ACTIVISTS’ TECHNIQUES

STICKING AROUND WITHOUT GETTING STUCK

Somebody has said that half of activism is showing up. True enough. But then much of the other half is sticking around. A glaring strategic difference between conservative and progressive movements is longevity.


Conservatives stick around. Look at how long it took from the earliest days of the religious right (Reagan) until Trump’s fanatical fascism. Progressives get upset about something, have a demonstration, and then disappear. But unless progressivism can glow, and keep the home fires of change warm, it will be outplayed every time by conservatism that knows how to play the long game.

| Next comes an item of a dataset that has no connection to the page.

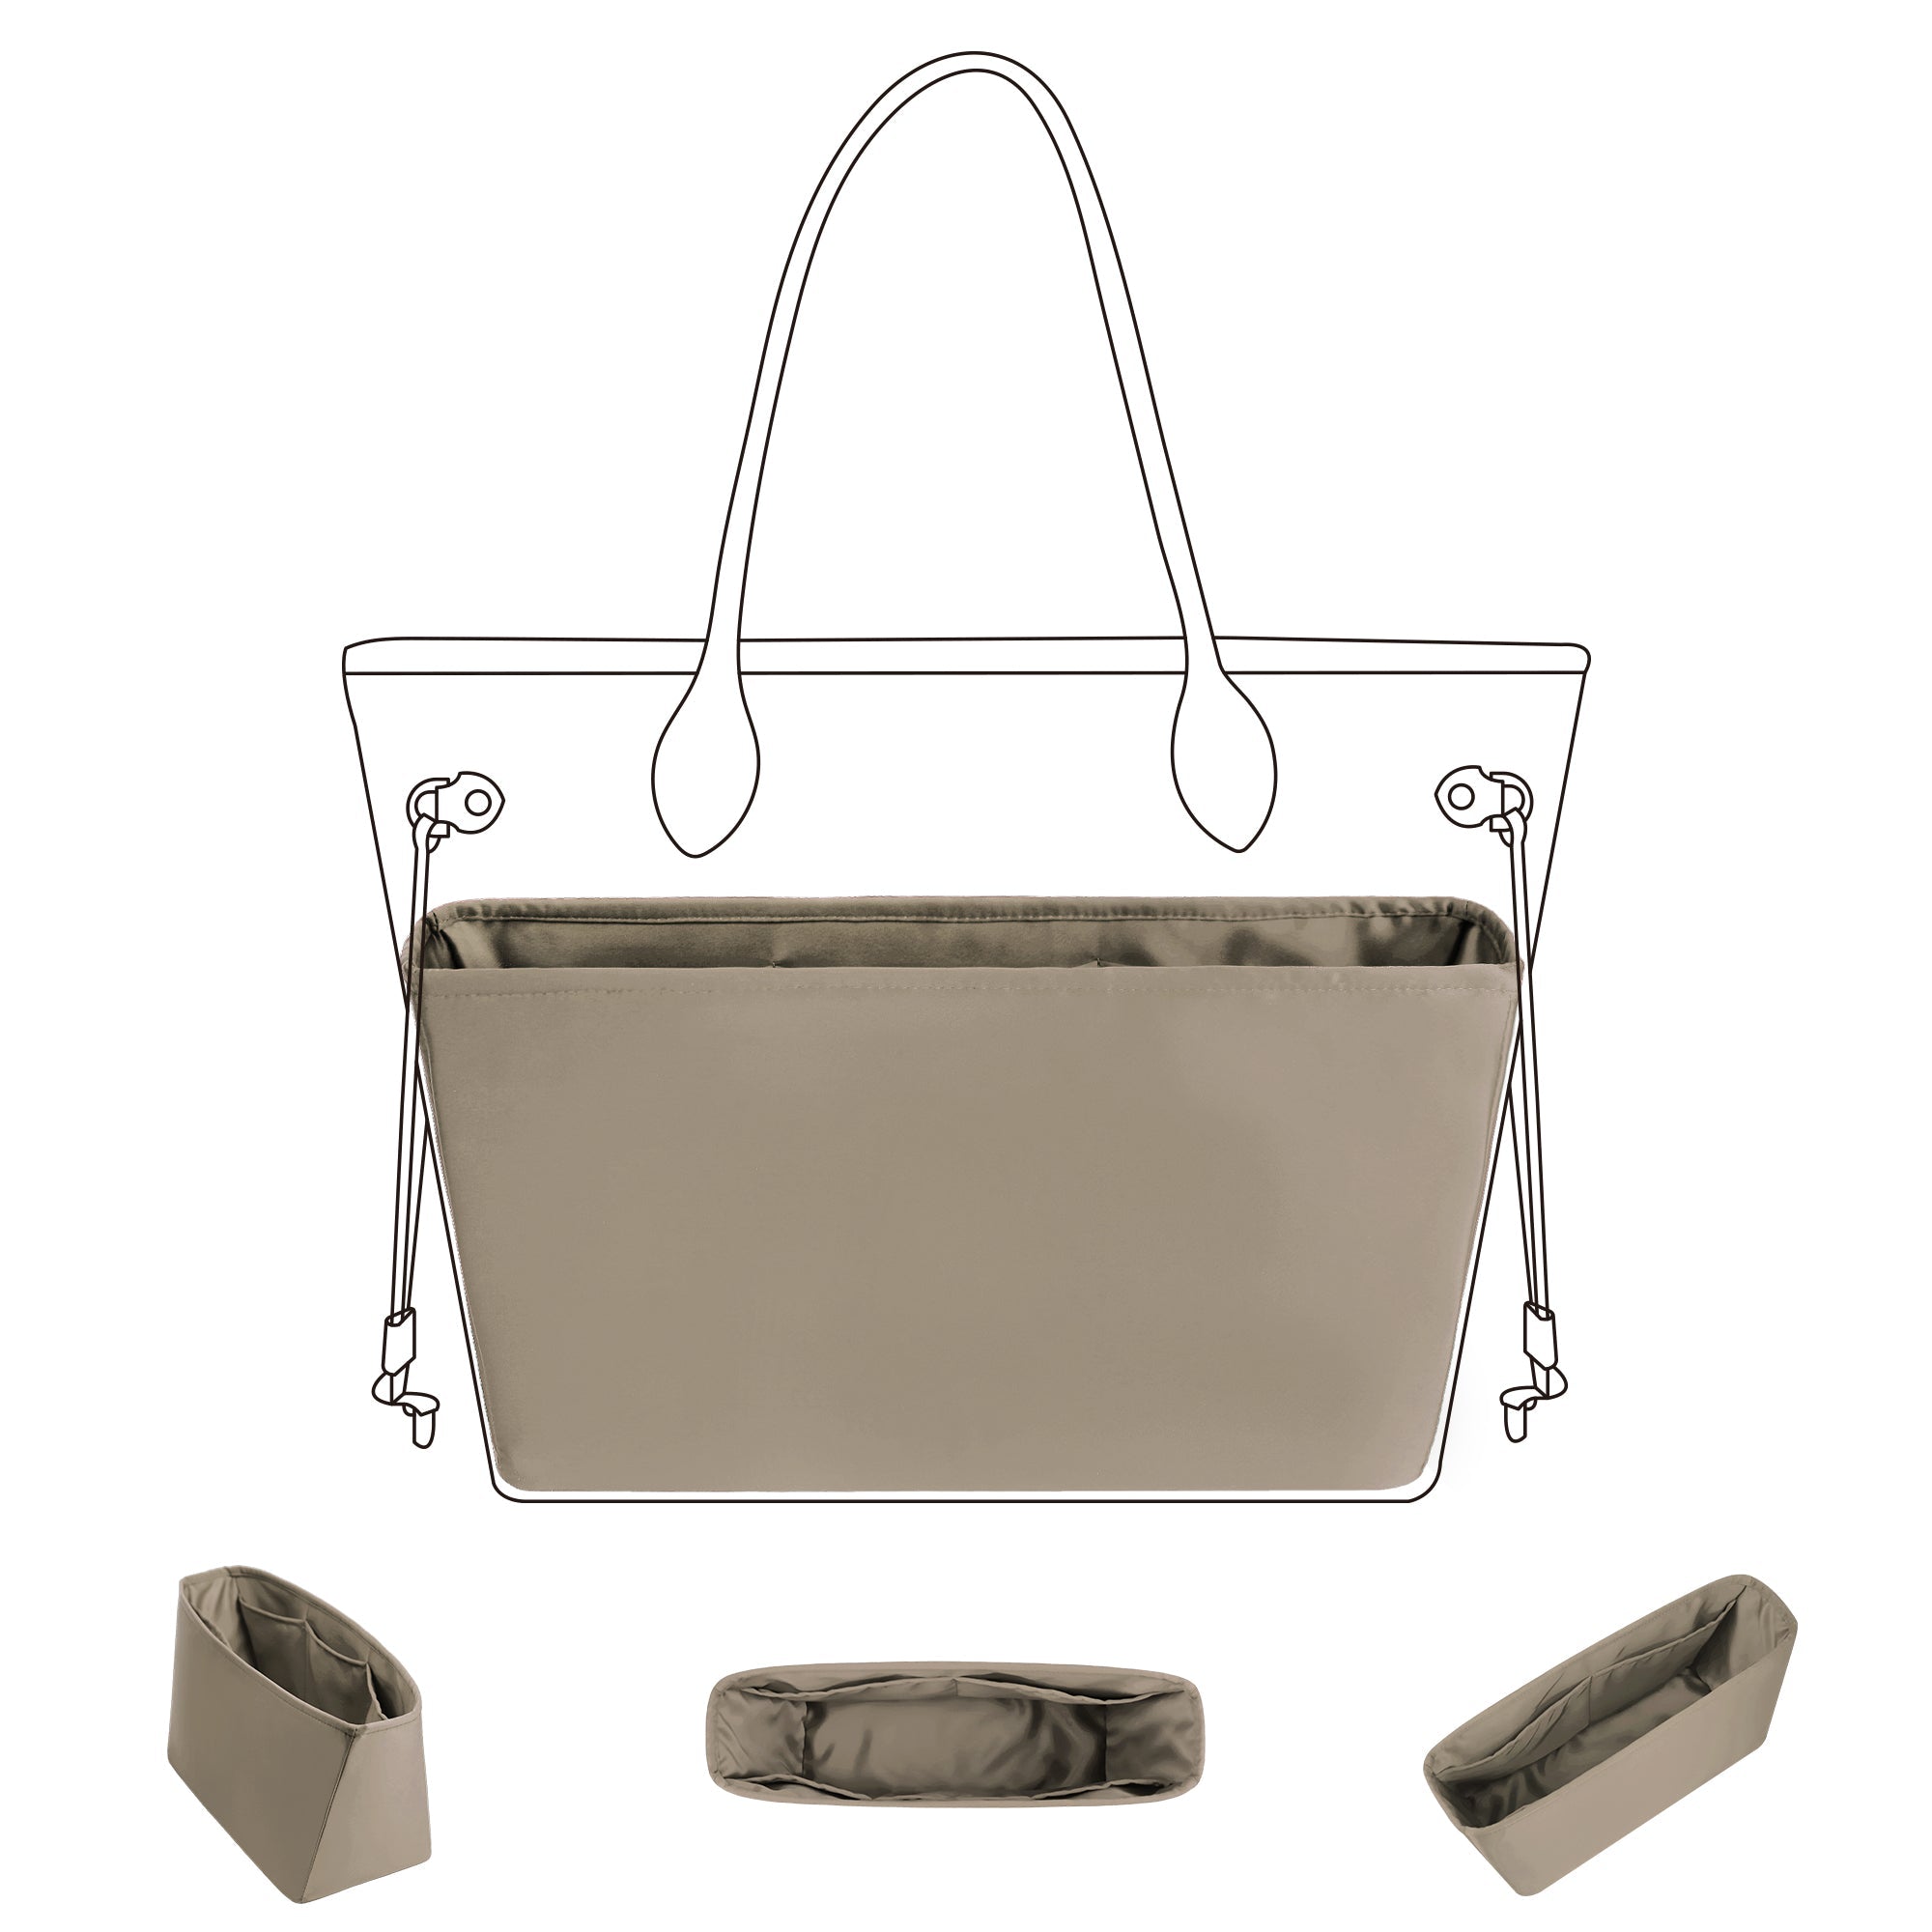 Baginbag | Purse Organizer Insert | Fits LV Neverfull Mini/PM/MM/GM Bags | Silk Bag Organizer | Luxury Handbag & Tote Shaper | handbag organizer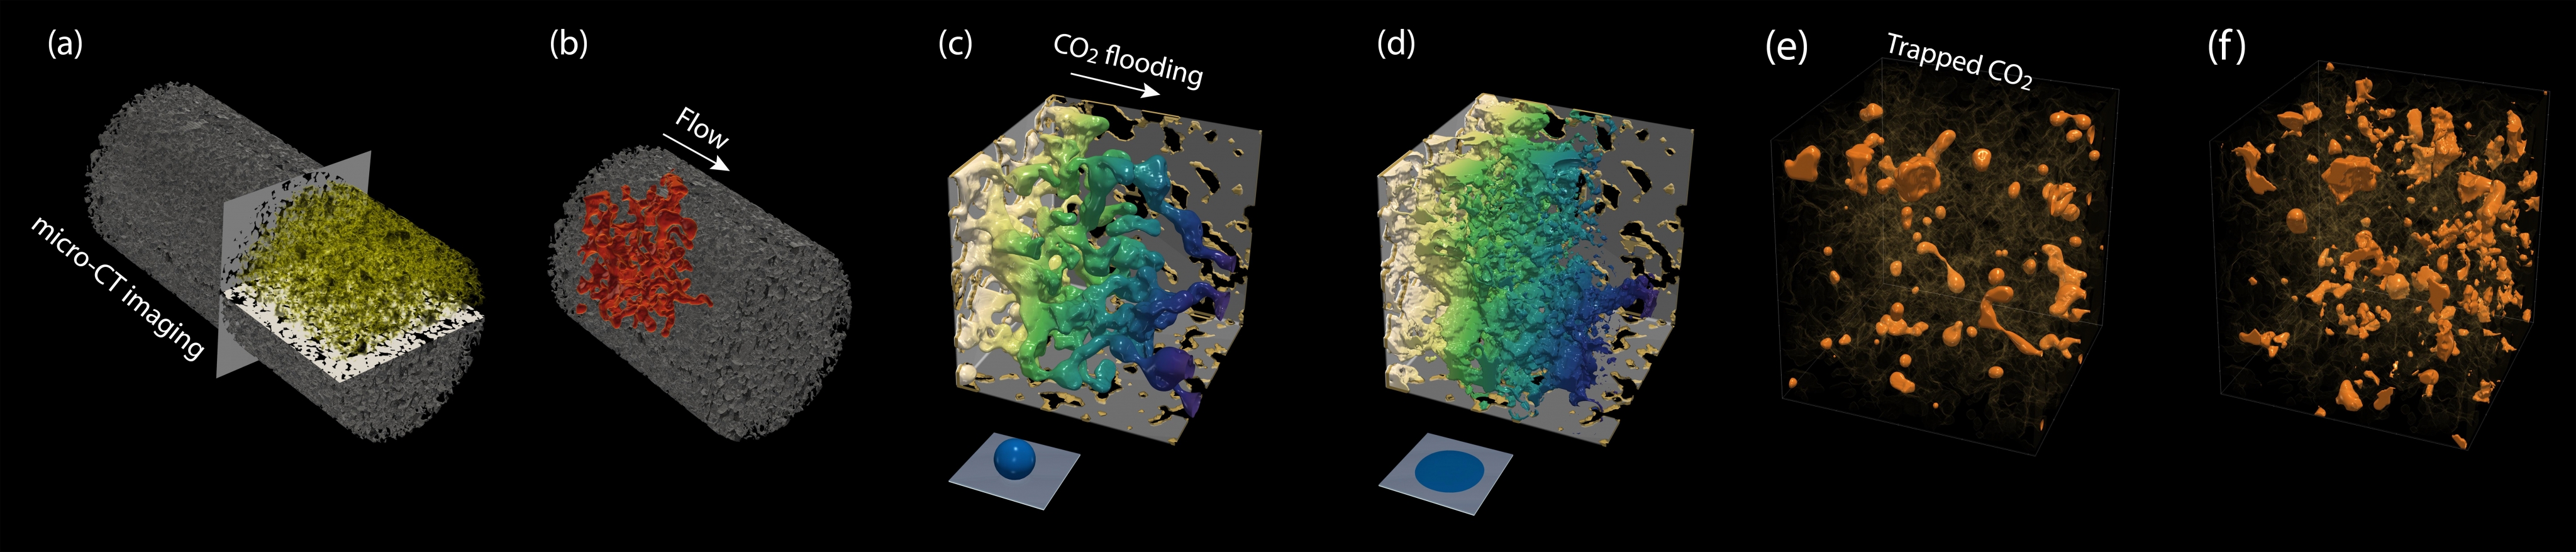 Carbon capture and storage flow modeling

Pop-up groups and flash demonstrations are important. They do the essential things that short-order activism can do. Then, they dissolve until the next new configuration arises. A lot of activism reacts, as it should, to current events and flares up into public victories for the time being.

Organizational longevity is crucial to a healthy activist community. People newly arrived in a region, or newly awakened to an issue, want to know with whom they can join forces. They may turn first to the immediately like-minded, the way a lobbyist against fracking will reach out naturally to a carbon-capper or animal-rights advocate. Co-operation need not stop there, though. An activist alliance may go on to wider friendships with quite different citizen groups concerned about, say, income inequality or the global footprint of the Pentagon.

Mutual support of this lateral kind can and will arise spontaneously across the board of progressive activism. But it needn’t be left to chance.

Emergent activist groups can take advantage of older groups that have been around for a while. Activists that have stayed the course for years tend to know the local lay of the land. They know where the angels and skeletons are in institutional history and what wheels have been invented once or twice already.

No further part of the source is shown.